## Task prompt
Keep every line in which "Brown" occurs and drop the rest of the data.

Data records
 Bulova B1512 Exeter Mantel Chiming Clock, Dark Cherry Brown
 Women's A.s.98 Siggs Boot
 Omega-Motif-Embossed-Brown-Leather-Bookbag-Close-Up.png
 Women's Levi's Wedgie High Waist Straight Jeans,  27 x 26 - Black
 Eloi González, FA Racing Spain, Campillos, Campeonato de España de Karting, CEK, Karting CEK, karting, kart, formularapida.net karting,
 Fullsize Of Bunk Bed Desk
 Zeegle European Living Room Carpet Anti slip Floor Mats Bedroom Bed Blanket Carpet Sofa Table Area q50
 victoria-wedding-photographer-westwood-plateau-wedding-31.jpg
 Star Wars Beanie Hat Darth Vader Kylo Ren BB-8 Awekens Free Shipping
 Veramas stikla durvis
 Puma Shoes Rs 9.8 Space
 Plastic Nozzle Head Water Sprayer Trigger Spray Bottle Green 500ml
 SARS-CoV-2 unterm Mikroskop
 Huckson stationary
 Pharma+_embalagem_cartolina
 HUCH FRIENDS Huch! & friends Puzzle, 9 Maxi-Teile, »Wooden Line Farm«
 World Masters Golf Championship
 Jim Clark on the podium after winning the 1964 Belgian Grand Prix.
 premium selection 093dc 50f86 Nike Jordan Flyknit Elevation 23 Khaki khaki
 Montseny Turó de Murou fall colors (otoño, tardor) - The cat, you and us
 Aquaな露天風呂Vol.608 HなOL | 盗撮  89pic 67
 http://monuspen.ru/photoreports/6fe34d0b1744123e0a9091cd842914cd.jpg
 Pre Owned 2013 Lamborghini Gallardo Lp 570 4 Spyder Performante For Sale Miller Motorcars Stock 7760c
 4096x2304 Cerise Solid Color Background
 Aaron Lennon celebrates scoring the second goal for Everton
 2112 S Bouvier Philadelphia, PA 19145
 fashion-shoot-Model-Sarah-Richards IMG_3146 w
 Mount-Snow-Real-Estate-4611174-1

## Task output
 Bulova B1512 Exeter Mantel Chiming Clock, Dark Cherry Brown
 Omega-Motif-Embossed-Brown-Leather-Bookbag-Close-Up.png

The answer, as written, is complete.